Reseptor H2 didapatkan pada mukosa lambung, sel otot jantung, dan

beberapa sel imun. Aktivasi reseptor H2 terutama menyebabkan sekresi asam

lambung. Selain itu juga berperan dalam menyebabkan vasodilatasi dan flushing.

Histamin menstimulasi sekresi asam lambung, meningkatkan kadar cAMP dan

menurunkan kadar cGMP, sedangkan antihistamin H2 menghambat efek tersebut.

Pada otot polos bronkus aktivasi reseptor H2 oleh agonis reseptor H2 akan

menyebabkan relaksasi (Dewoto, 2009).

Reseptor H3 berfungsi sebagai penghambat umpan balik pada berbagai

sistem organ. Aktivasi reseptor H3 yang didapatkan di beberapa daerah di otak

mengurangi pelepasan transmitter baik histamin maupun norepinefrin, serotonin,

dan asetilkolin. Meskipun agonis reseptor H3 berpotensi untuk digunakan antara

lain sebagai gastroprotektif dan antagonis reseptor H3 antara antara lain berpotensi

untuk digunakan sebagai antiobesitas, sampai saat ini belum ada agonis maupun

antagonis reseptor H3 yang diizinkan untuk digunakan di klinik (Dewoto, 2009).
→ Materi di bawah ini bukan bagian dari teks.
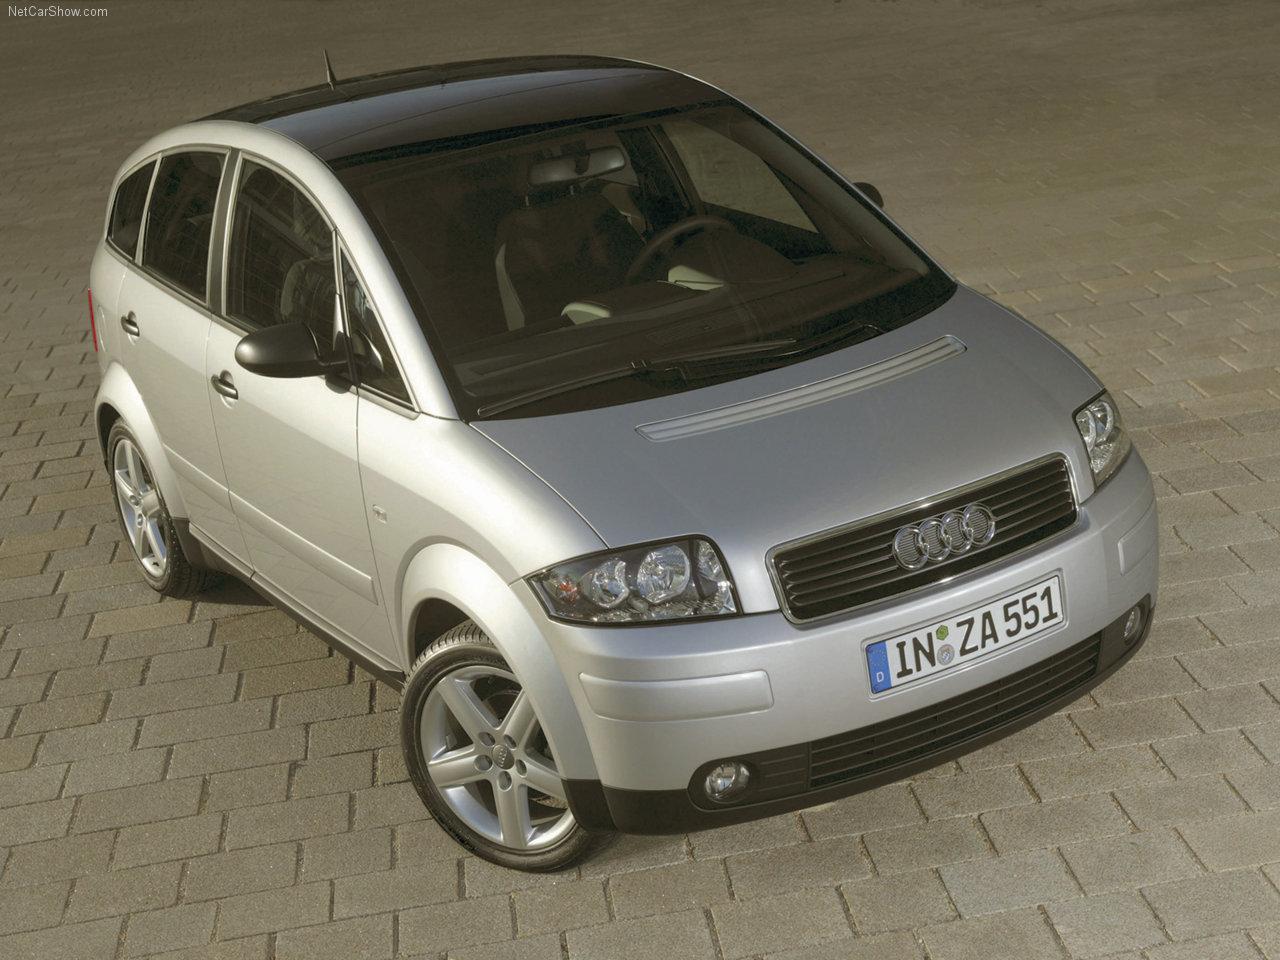 Audi A2 2003 Audi-A2-2003-1280-05

Aktivitas terpenting histamin adalah:

- Kontraksi otot polos bronchi, usus, dan rahim

- Vasodilatasi semua pembuluh dengan penurunan tekanan darah

- Memperbesar permeabilitas kapiler untuk cairan dan protein, dengan

akibat udema dan pengembangan mukosa

- Hipersekresi ingus dan air mata, ludah, dahak dan asam lambung

- Stimulasi ujung saraf dengan eritema dan gatal-gatal (Tan, 2013).

2.2 Reaksi Alergi

Alergi (Lat. = berlaku berlainan). Istilah ini, yang juga disebut

hipersensitivitas, pertama kali (1960) dicetuskan oleh Von Pirquent yang

menggambarkan reaktivitas khusus dari tuan rumah (host) terhadap suatu unsur

eksogen, yang timbul pada kontak kedua kali atau berikutnya. Reaksi

hipersensitivitas ini meliputi sejumlah peristiwa auto-imun dan alergi serta

merupakan kepekaan berbeda terhadap suatu antigen eksogen atas dasar proses

imunologi. Pada hakekatnya reaksi imun tersebut, walaupun bersifat “merusak”,

berfungsi melindungi organisme terhadap zat-zat asing yang menyerang tubuh

(Tan, 2013).

Yang dimaksud dengan istilah ‘alergi’ ialah keadaan reaksi organisme

yang berubah terhadap senyawa tertentu (alergen), yaitu organisme bereaksi lain

terhadap bahan ini dibandingkan sebelumnya. Pada prinsipnya ini dapat berupa

suatu kereaktifan yang diperkuat (hiperergi), diperlemah (hipoergi) atau tak ada

(anergi). Walaupun demikian dalam pemakaian bahasa sehari-hari sekarang alergi

hanya digunakan dalam arti hiperergi (Mutschler, 2010).

Gejala reaksi alergi tergantung pada lokasi di mana reaksi alergen-antibodi

berlangsung, misalnya dihidung (rhinitis allergia), di kulit (eksim, urticaria =

biduran, kaligata), mukosa mata (conjunctivitis) atau di bronchi (serangan asma).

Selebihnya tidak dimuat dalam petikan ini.